The method is based around improving the BOLT (blood oxygen level test). The BOLT is how long it takes to notice the first sign of a urge to breathe after a passive exhale (while at rest), this tells us about the bodies sensitivity to CO2 (not O2 as the name would suggest). Improving the BOLT means increasing the amount of CO2 it takes before we feel any discomfort - sounds interesting right?

So how can we do that?

First of all comes proper breathing, nasal breathing from the belly, as any Yogi/Yogini will already know is the correct way to breathe, unfortunately a large percentage of the population have unhealthy breathing habits which effect their everyday lives negatively. Righting your every day (and nightly) breathing is the first and most important step.

What next?

Next we start to manipulate the breathe further, using varying methods of reducing your respiration according to your BOLT score, and building a tolerable urge to breathe we slowly start to decrease our sensitivity to CO2 and reap the benefits of having a higher level of CO2 within our system.

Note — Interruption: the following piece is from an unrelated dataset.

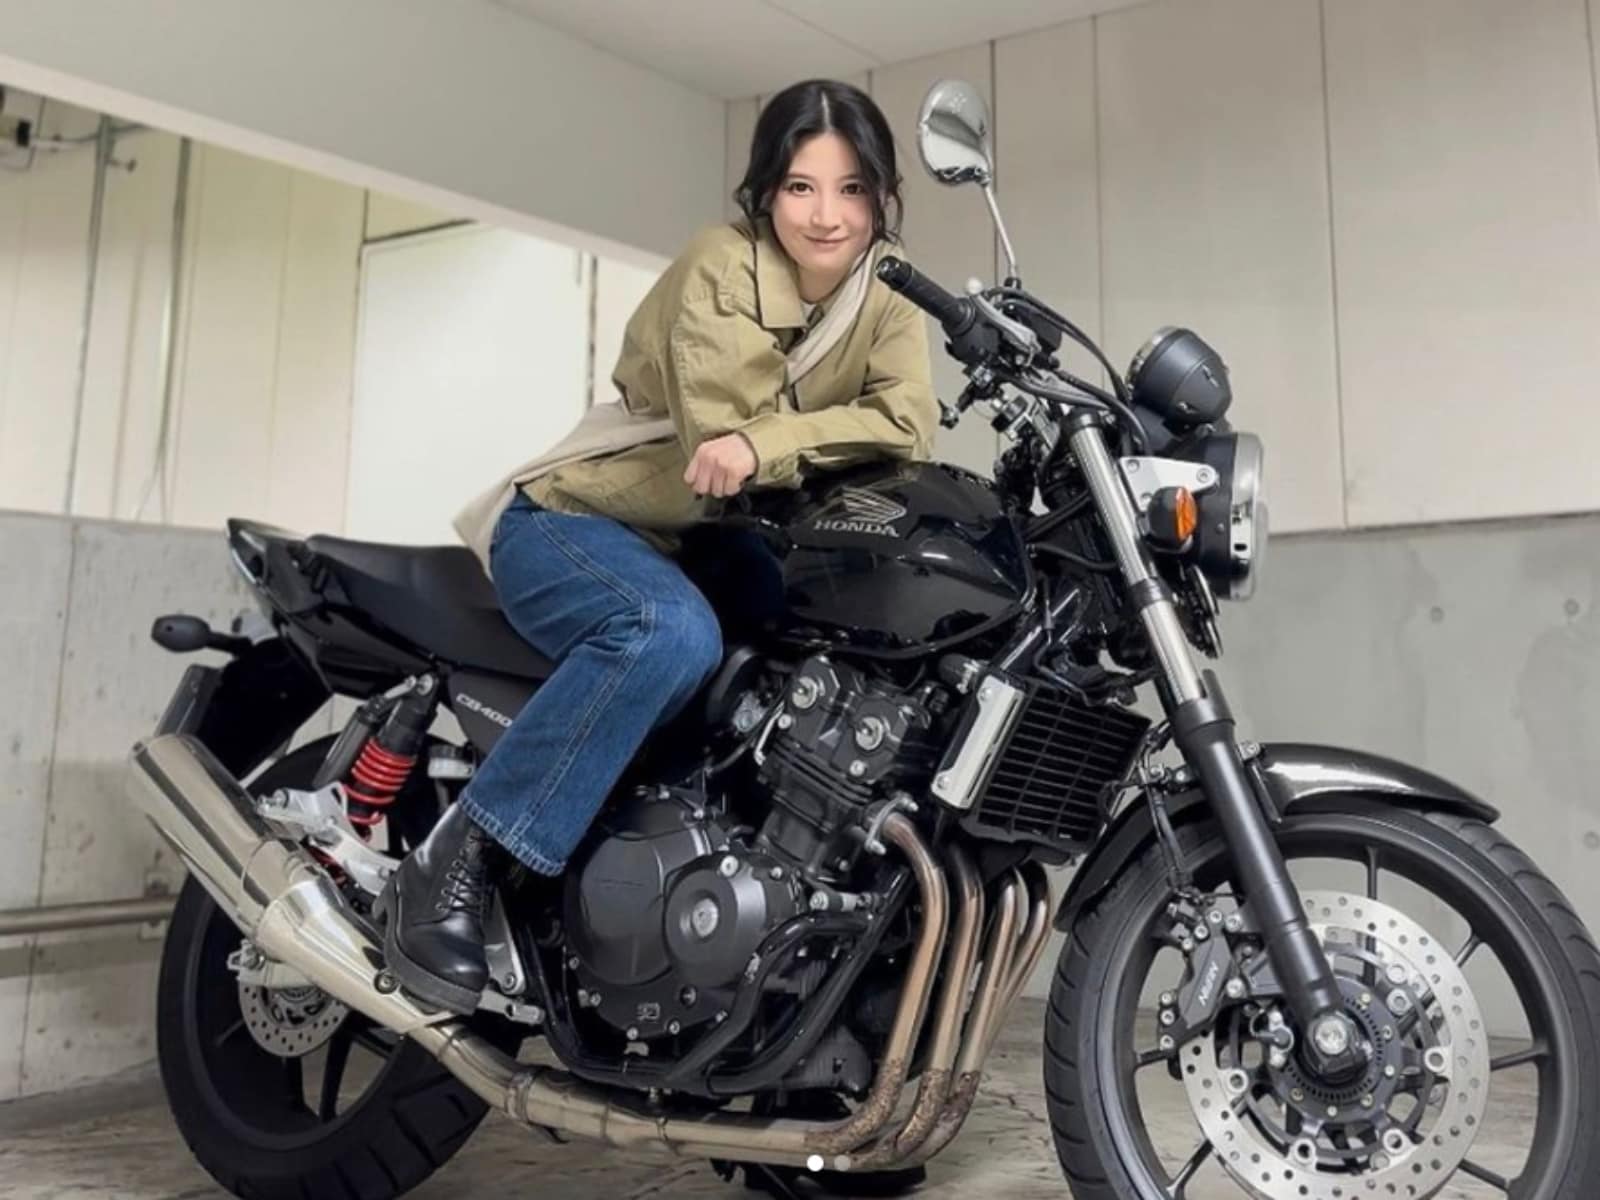 「今田美桜に似てる」50万人超の美人YouTuber、バイクショット公開に「めちゃカッコイイ」と称賛の嵐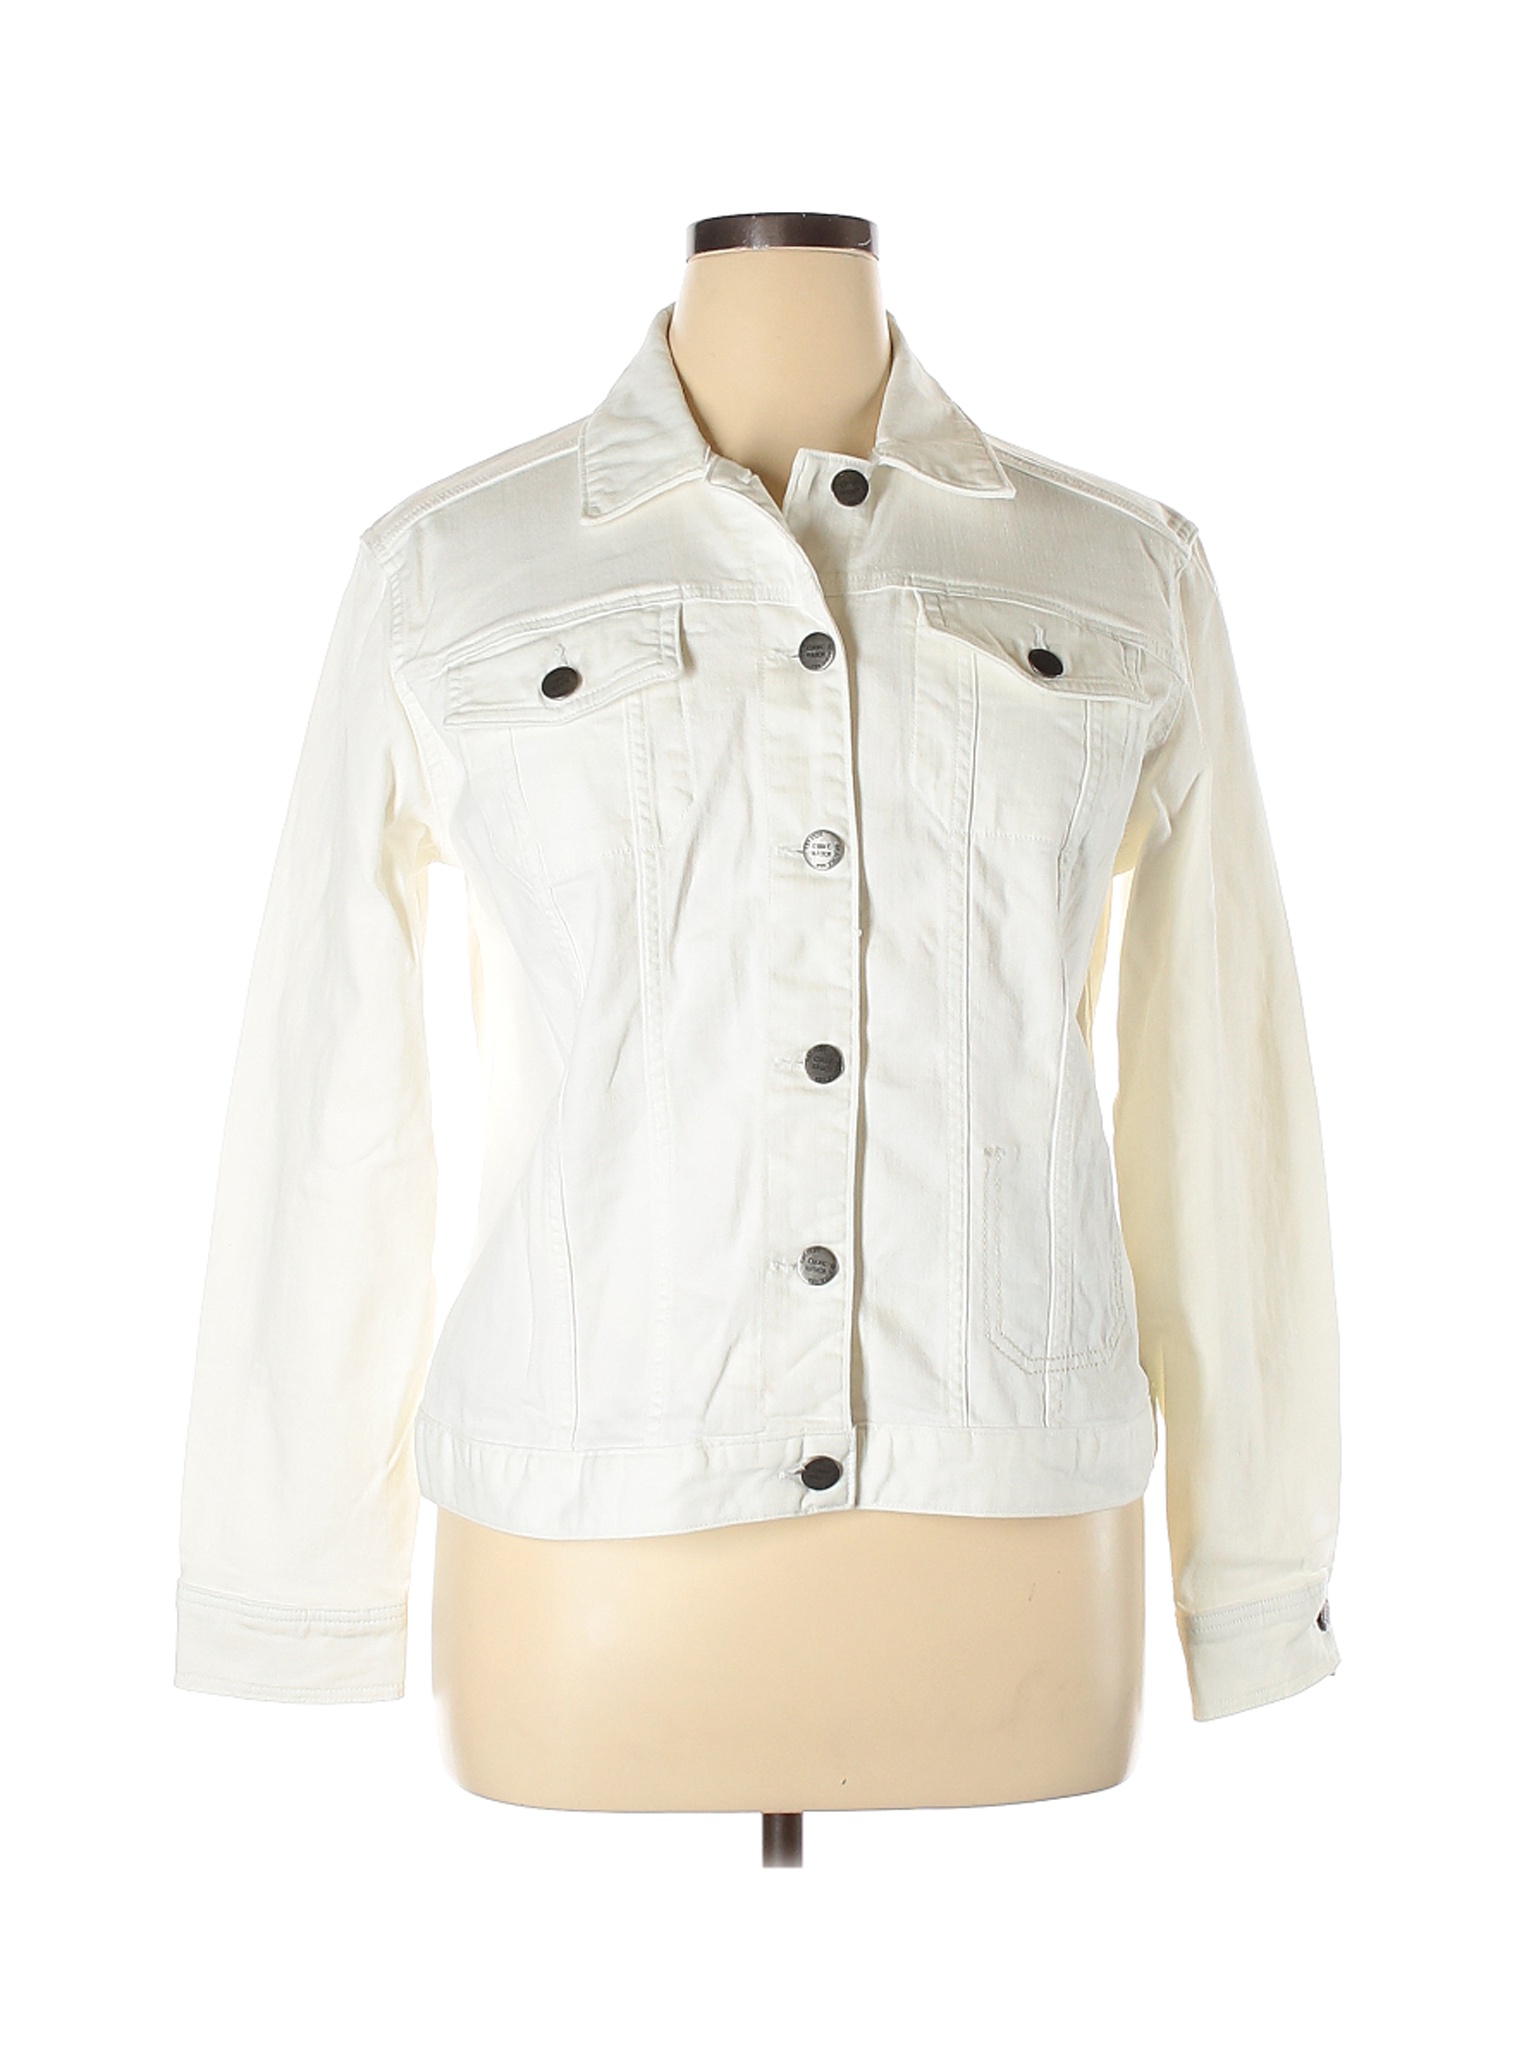 Eddie Bauer Women White Denim Jacket XL | eBay

How will that help freedivers?

Traditional CO2 training is mentally exhausting and can quickly lead to over-training/lack of motivation. The way I see CO2 training, there are 3 ways to train :-

1. Learn to fully relax and enjoy the period before CO2 build up (without as sense of dread or impending doom) 2. Postpone the point the body begins to react to CO2 (this is where the O2 advantage is of great benefit) 3. Learning to endure the urge to breathe without physically/mentally reacting to it. (this is extremely taxing and quickly leads to over-training)

The methods described in the Oxygen Advantage offer a gentle, sustainable and proven way to increase our tolerance to CO2, the low level of intensity allows us to train more often and the simplicity of the exercises allow us to fit it into our lives easily.

The greatest value of this method is the lowered intensity in comparison to a typical CO2 training table. Suffering doesn't always equate to increase in performance, in fact with regards to breath hold, it generally leads to plateau and over training.

The added Bonus

A final potential benefit to freedivers is a method of improvised Altitude training intended to increase our Red Blood Cell count. This involves breathe manipulation on FRC while exercising, using a pulse oxymeter the idea is to maintain a state of hypoxia for a prolonged period of time, inducing EPO production and the chain of events that follow on from that (for more info check out this BLOG). Again, this method is a surprisingly comfortable way to train our O2 tolerance.

In Conclusion

The O2 advantage, although not directly aimed at freedivers, contains information and training techniques which are of a huge value to anyone interested in the sport. I can highly recommend reading this book.